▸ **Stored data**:

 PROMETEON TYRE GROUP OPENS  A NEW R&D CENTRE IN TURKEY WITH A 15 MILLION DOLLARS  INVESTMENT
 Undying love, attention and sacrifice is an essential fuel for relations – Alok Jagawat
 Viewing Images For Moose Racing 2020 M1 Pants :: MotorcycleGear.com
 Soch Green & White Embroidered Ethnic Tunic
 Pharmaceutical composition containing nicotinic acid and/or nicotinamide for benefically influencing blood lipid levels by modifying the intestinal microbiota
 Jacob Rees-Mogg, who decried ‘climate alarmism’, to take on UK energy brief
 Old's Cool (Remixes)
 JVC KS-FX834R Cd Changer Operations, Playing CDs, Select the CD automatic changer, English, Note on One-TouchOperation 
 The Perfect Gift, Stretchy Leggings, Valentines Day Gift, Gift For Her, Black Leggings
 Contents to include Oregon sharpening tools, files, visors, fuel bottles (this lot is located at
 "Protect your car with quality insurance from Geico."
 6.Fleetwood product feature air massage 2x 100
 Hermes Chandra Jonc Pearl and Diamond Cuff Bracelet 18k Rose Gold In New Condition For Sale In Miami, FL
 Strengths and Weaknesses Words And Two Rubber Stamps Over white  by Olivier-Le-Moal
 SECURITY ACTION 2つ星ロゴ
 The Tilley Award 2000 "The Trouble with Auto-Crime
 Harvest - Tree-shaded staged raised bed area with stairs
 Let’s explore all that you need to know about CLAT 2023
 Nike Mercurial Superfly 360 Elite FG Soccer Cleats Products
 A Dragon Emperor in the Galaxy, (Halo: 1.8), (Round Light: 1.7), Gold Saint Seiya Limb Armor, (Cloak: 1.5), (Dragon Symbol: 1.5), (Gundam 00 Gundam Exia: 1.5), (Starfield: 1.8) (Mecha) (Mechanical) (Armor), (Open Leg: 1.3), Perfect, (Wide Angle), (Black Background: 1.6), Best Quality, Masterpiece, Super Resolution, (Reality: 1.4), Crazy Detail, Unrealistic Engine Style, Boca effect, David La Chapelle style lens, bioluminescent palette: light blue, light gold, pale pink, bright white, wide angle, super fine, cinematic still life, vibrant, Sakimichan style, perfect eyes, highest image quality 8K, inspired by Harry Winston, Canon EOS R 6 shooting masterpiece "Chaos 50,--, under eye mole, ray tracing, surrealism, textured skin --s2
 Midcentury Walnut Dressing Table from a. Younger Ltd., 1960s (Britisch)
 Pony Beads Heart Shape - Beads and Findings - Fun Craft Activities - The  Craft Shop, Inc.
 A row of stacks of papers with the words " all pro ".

▸ **Problem statement**:
Write out exactly the lines above between the line with "The Perfect Gift, Stretchy" and the line with "Nike Mercurial Superfly", inclusive, and nothing beyond them.

▸ **Result for this exercise**:
 The Perfect Gift, Stretchy Leggings, Valentines Day Gift, Gift For Her, Black Leggings
 Contents to include Oregon sharpening tools, files, visors, fuel bottles (this lot is located at
 "Protect your car with quality insurance from Geico."
 6.Fleetwood product feature air massage 2x 100
 Hermes Chandra Jonc Pearl and Diamond Cuff Bracelet 18k Rose Gold In New Condition For Sale In Miami, FL
 Strengths and Weaknesses Words And Two Rubber Stamps Over white  by Olivier-Le-Moal
 SECURITY ACTION 2つ星ロゴ
 The Tilley Award 2000 "The Trouble with Auto-Crime
 Harvest - Tree-shaded staged raised bed area with stairs
 Let’s explore all that you need to know about CLAT 2023
 Nike Mercurial Superfly 360 Elite FG Soccer Cleats Products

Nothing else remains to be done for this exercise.